The deep learning brings breakthrough progress to machine learning and brings new development direction to human motion recognition. Unlike traditional recognition methods, deep learning can automatically learn high-level features from low-level features, and solves the problems that feature selection is too dependent on tasks and long time is consumed in the adjustment process.
Disclosure of Invention
In the prior art, the recognition of human body actions directly uses a full connection layer, and detection is performed based on the whole feature, so that problems can occur, such as when the actions are relatively fast, the length of a picture sequence with the actions is much smaller than the length of a unit complete sequence set in the detection, and the problems that the actions cannot be detected can occur. Meanwhile, the historical information of the sequence images is not considered in the prior art, and the detection precision is still to be improved.
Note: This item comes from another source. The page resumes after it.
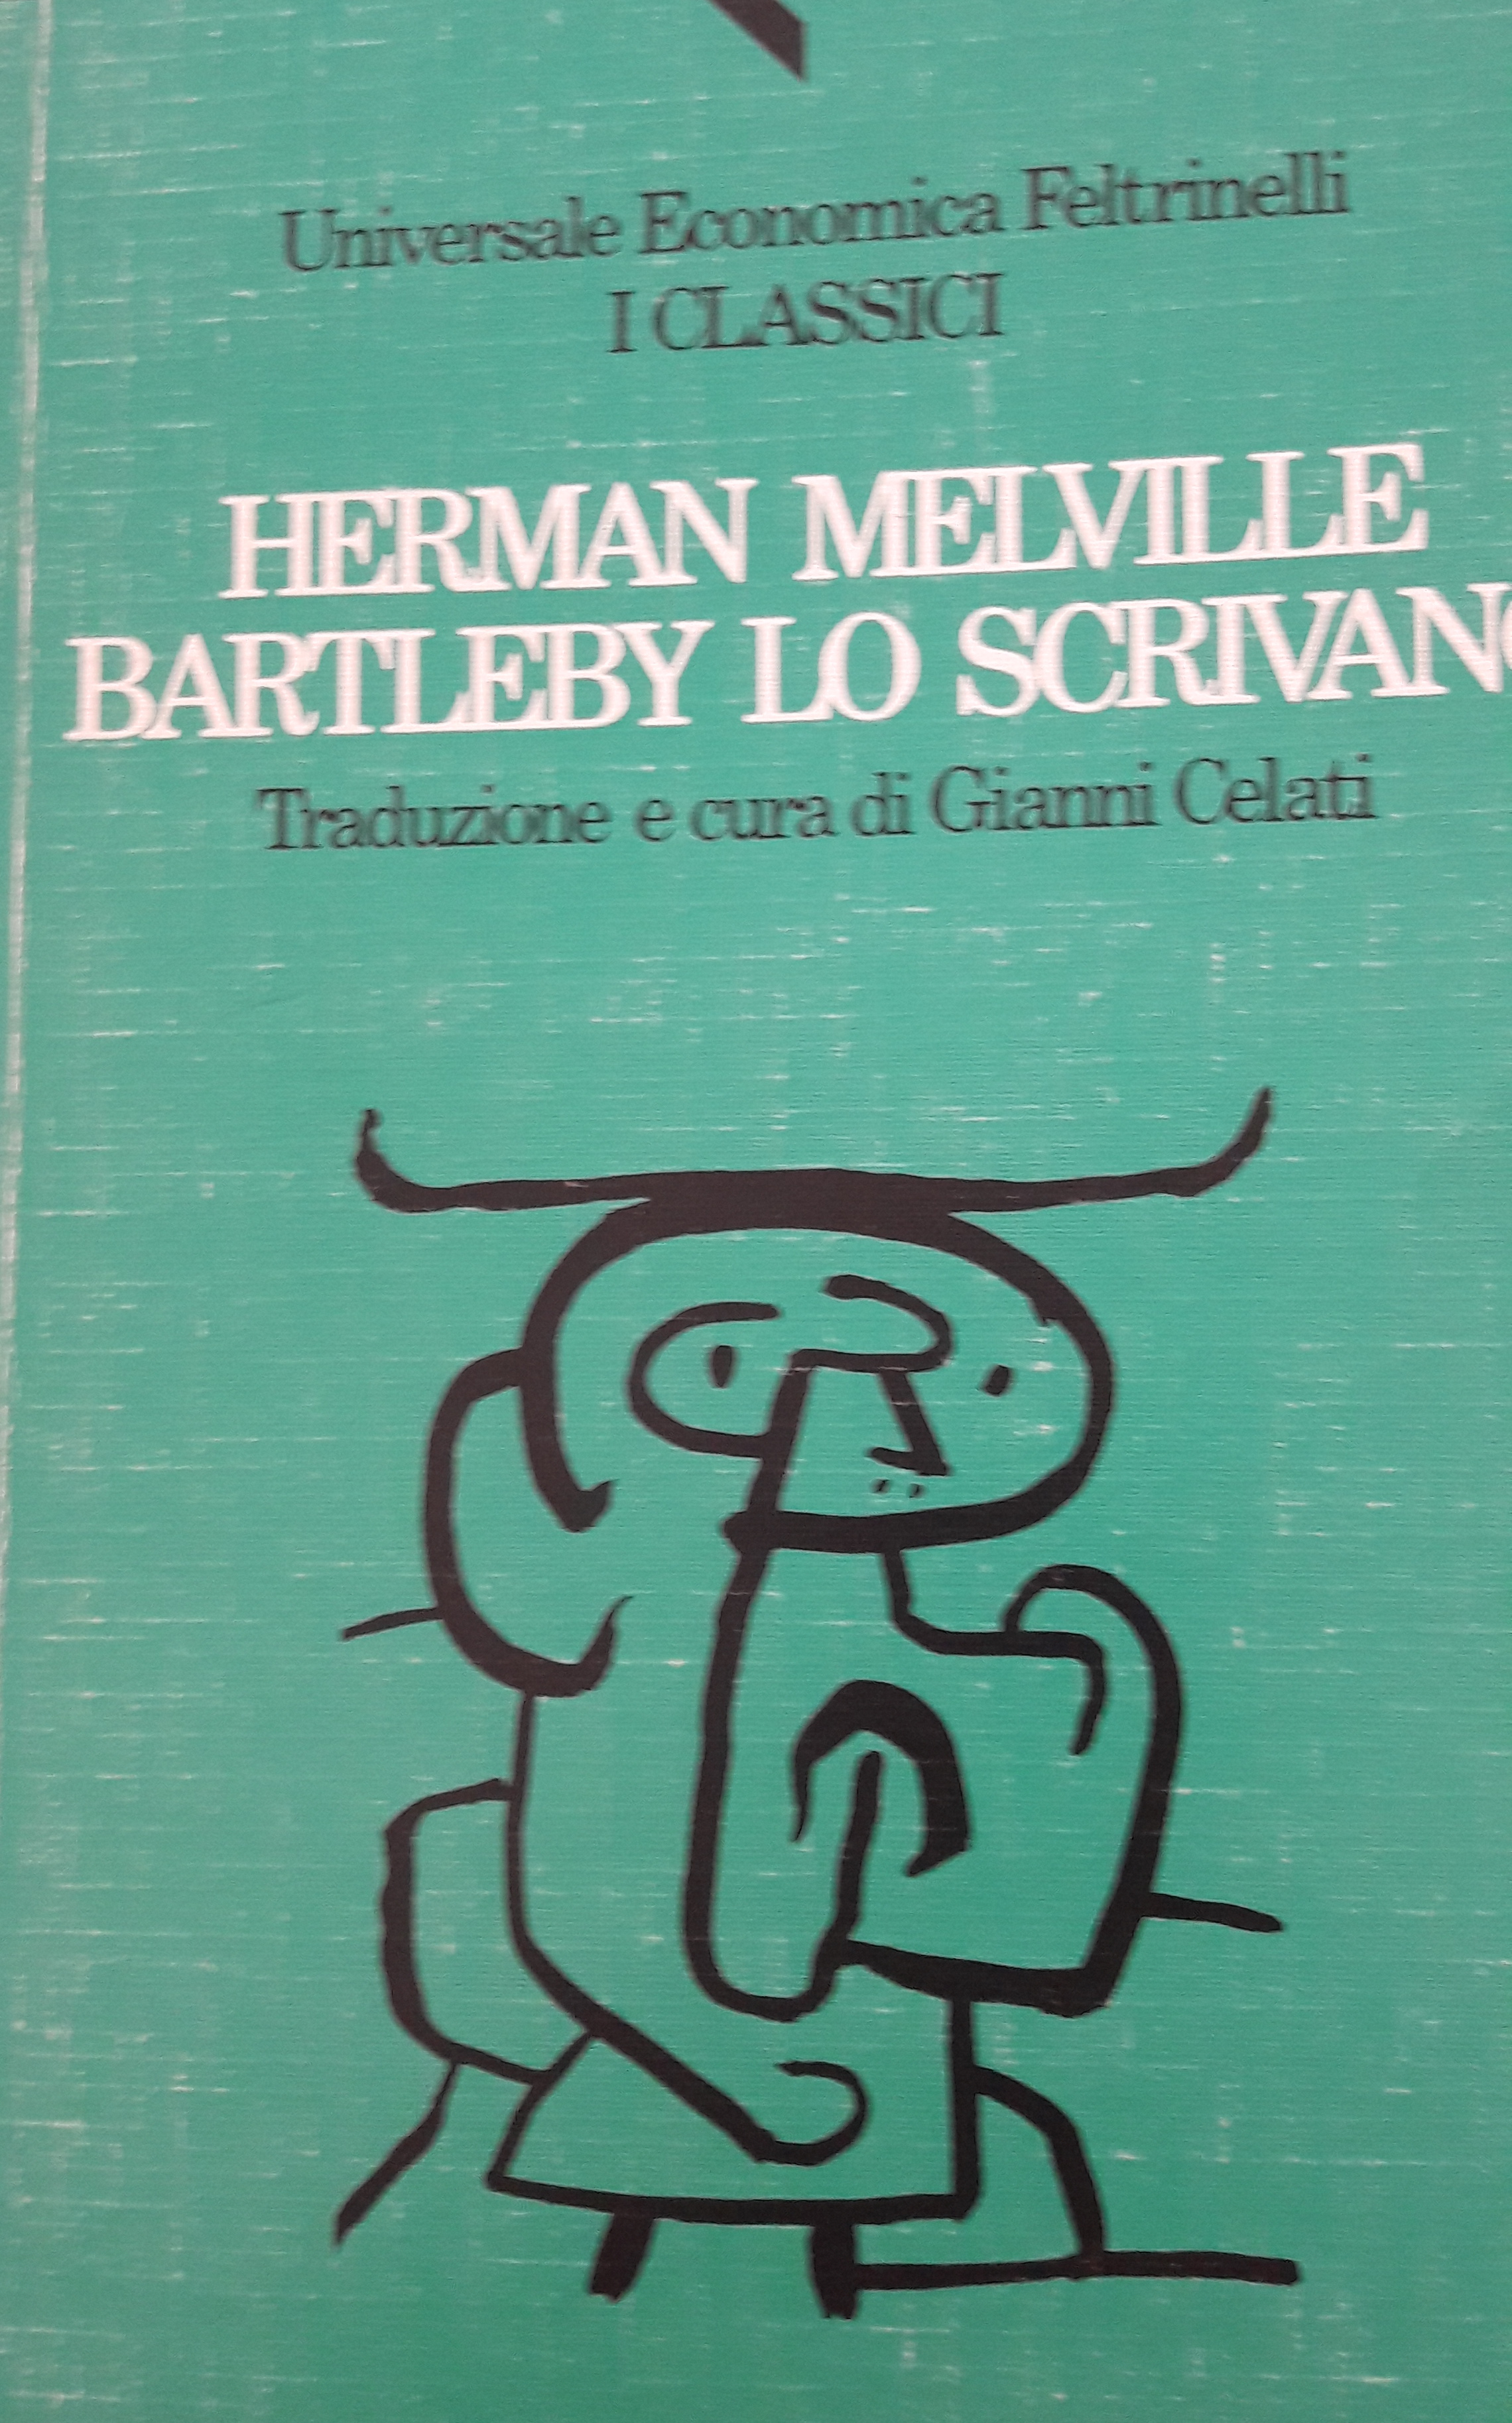 Bartleby Melville

Based on the design, the human body action recognition method adopts the following technical scheme:
The human body action recognition method is based on a deep learning technology and comprises two stages of training and recognition, wherein a network used in the training and recognition stages comprises a sequence feature extraction module, the sequence feature extraction module comprises a color map deep learning network and a CNN network of an optical flow deep learning network, the color map deep learning network comprises three LSTM layers, and the optical flow deep learning network comprises two LSTM layers.
Further, the number of neurons in the hidden layer in the LSTM layer is 200.
Further, the training phase includes the steps of:
step 1, acquiring an action video, splitting the action video into frame images, calculating a light flow diagram, extracting a frame of image at intervals of 16 frames to serve as a sequence center frame, and marking an action position;
step 2, respectively generating a sequence picture sample and a label, a center frame picture sample and a position label and a sequence optical flow picture sample and a label from the video sequence image for training a corresponding feature extraction model;
Step 3, sending the sequence picture sample and the label into a color image deep learning network, sending the center frame picture sample and the position label into a CNN network, sending the sequence optical flow picture sample into the optical flow deep learning network, and extracting features;
Step 4, fusing the extracted features of the three network models to generate feature codes corresponding to the video sequences;
Step 5, the feature codes are sent into a convolution network, and the receptive fields of the video sequence features are subjected to different time scale changes;
step 6, sending the feature code samples with different receptive fields into a video recognition network to generate a recognition model;
And 7, iterative training until the recognition model converges.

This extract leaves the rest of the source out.